[What is needed]
What you return should be the lines from the one with "LENCO DVP-910BU - Przenośny" through the one with "Un groupe d'amis" in the data below, reproduced exactly with both ends, and no pictures at all.

[Data for analysis]
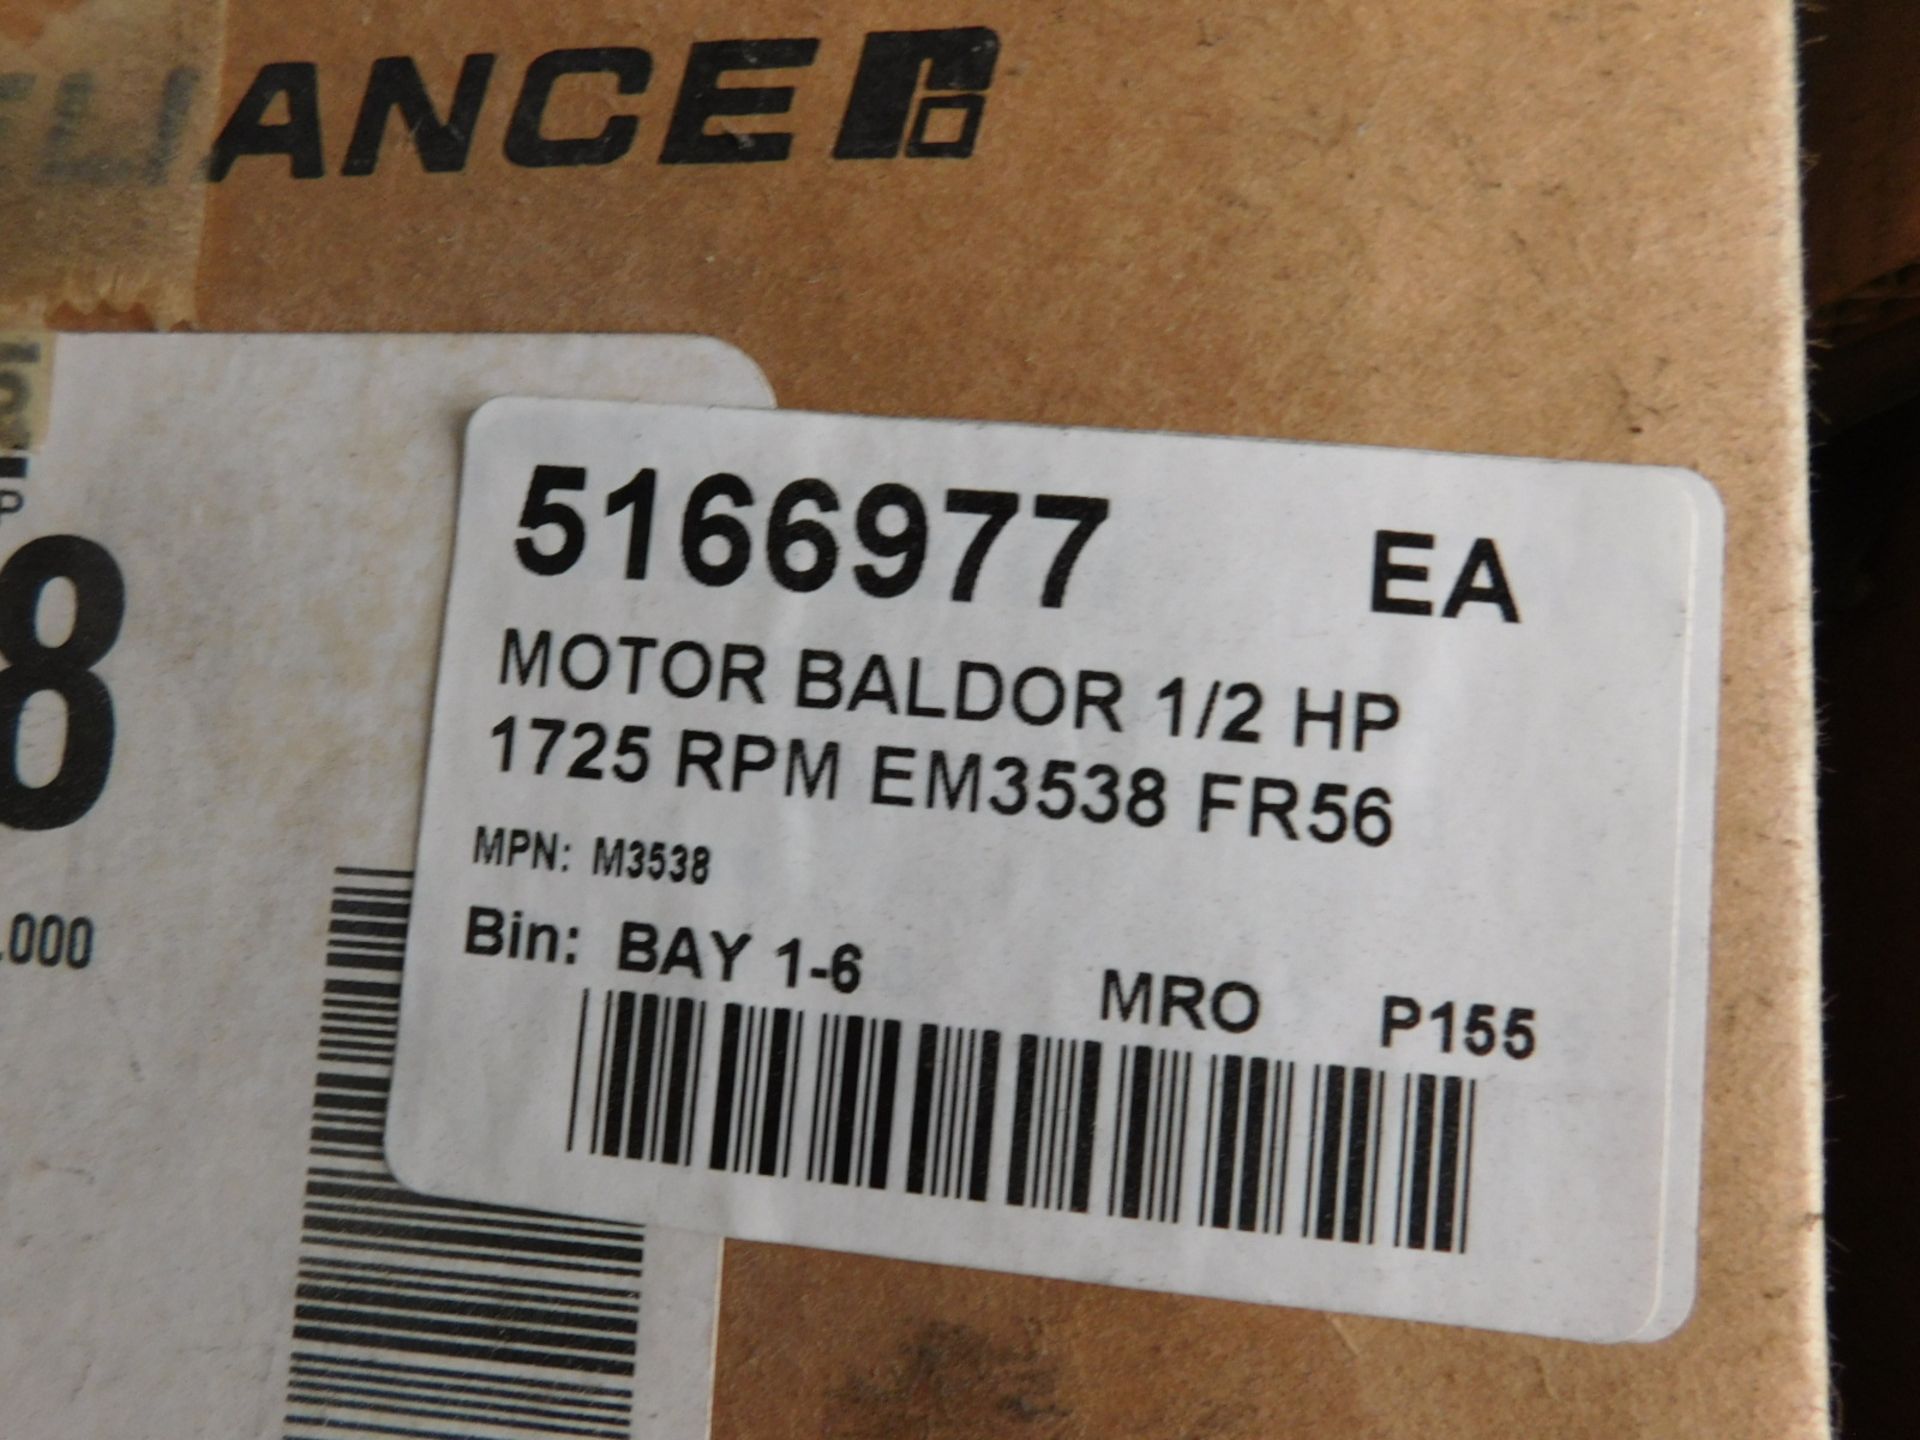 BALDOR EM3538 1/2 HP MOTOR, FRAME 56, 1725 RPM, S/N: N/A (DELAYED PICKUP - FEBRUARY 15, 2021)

--

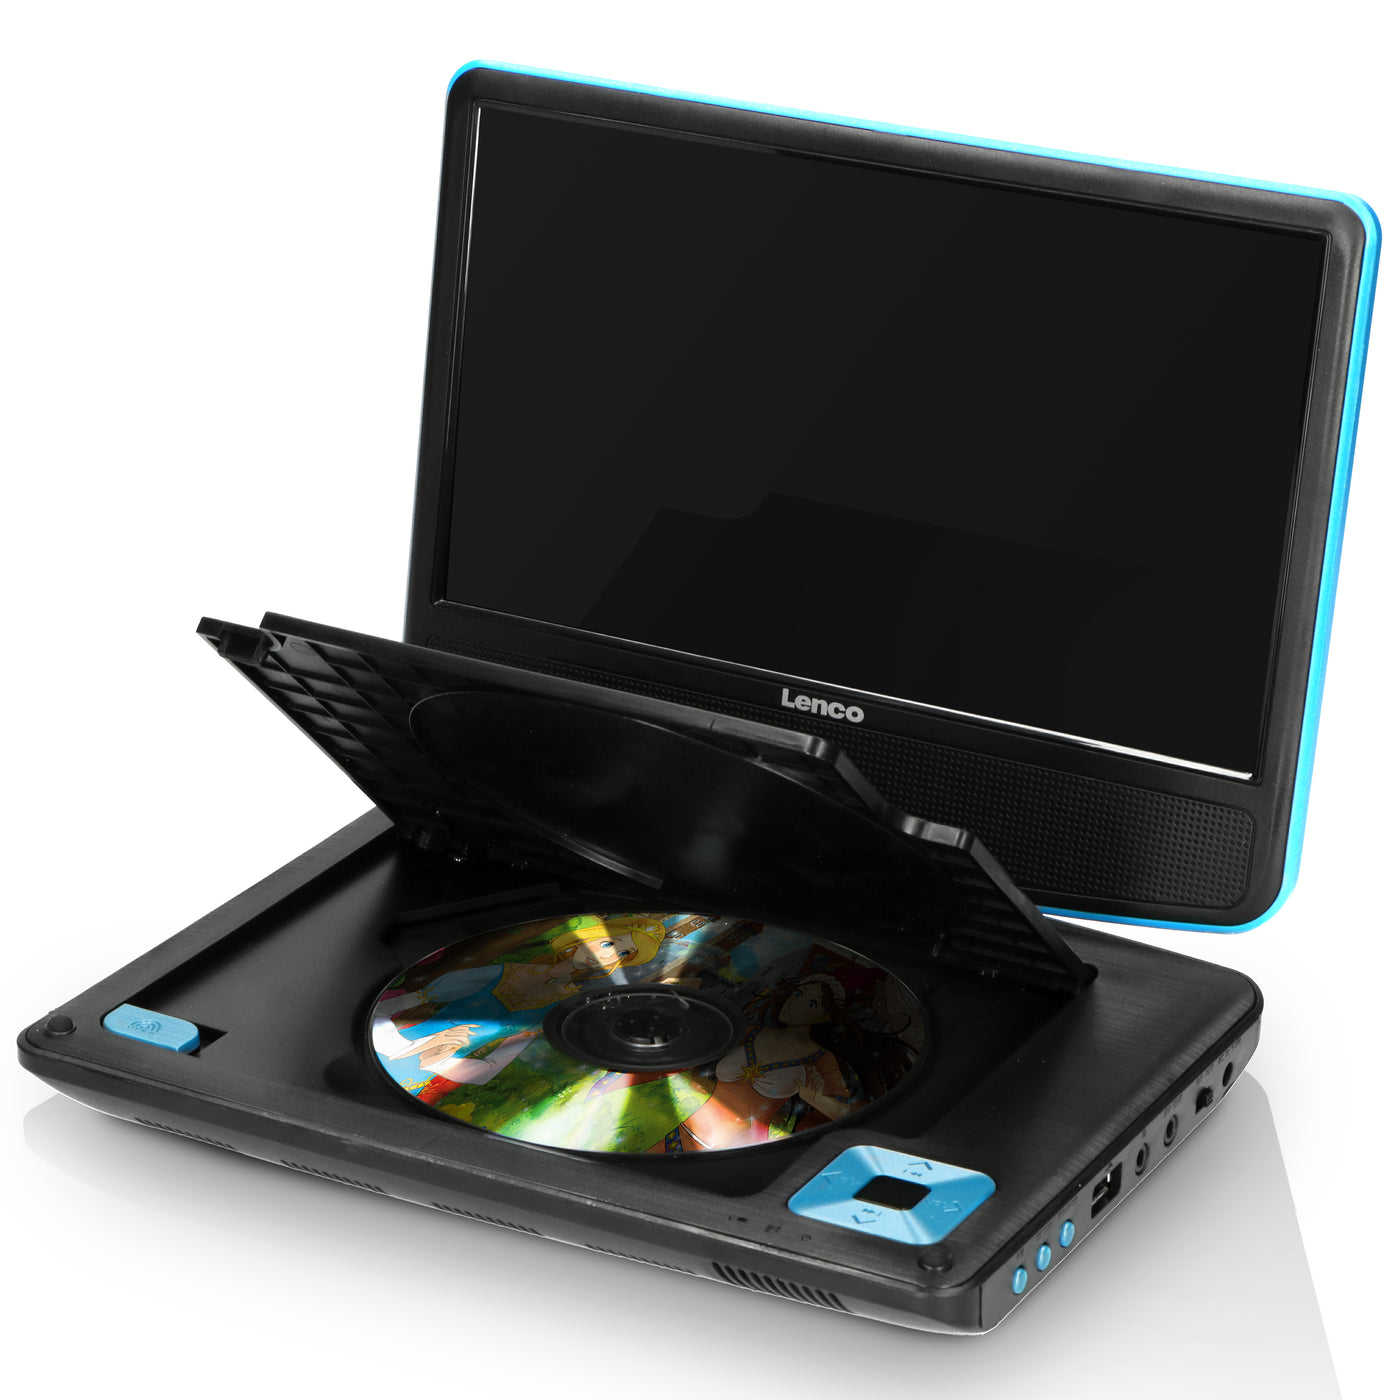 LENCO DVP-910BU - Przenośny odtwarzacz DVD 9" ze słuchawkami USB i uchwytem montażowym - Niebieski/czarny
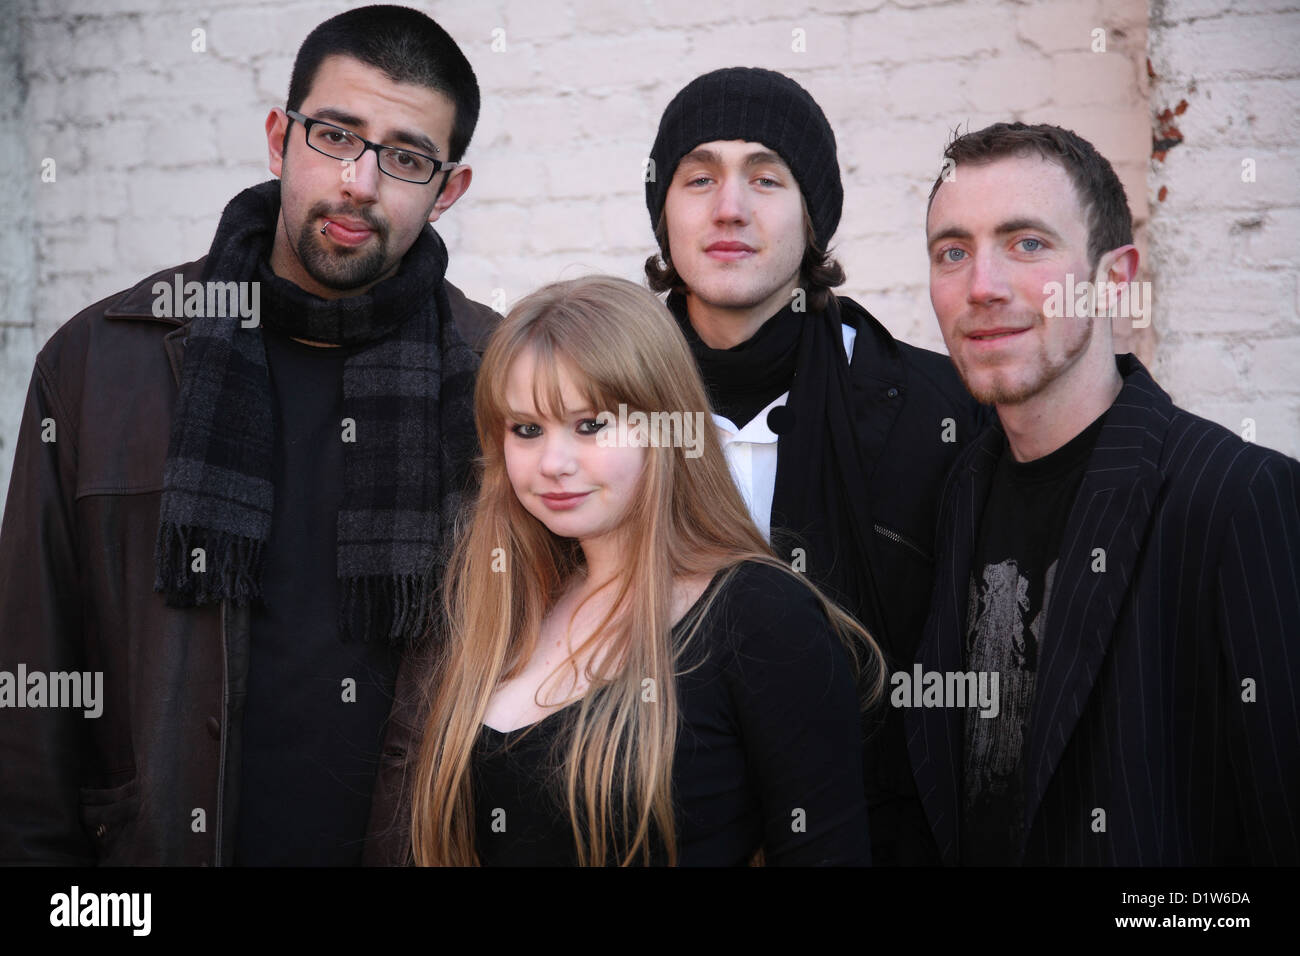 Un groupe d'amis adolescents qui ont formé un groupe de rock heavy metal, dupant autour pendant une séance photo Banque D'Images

[Task response]
 LENCO DVP-910BU - Przenośny odtwarzacz DVD 9" ze słuchawkami USB i uchwytem montażowym - Niebieski/czarny
 Un groupe d'amis adolescents qui ont formé un groupe de rock heavy metal, dupant autour pendant une séance photo Banque D'Images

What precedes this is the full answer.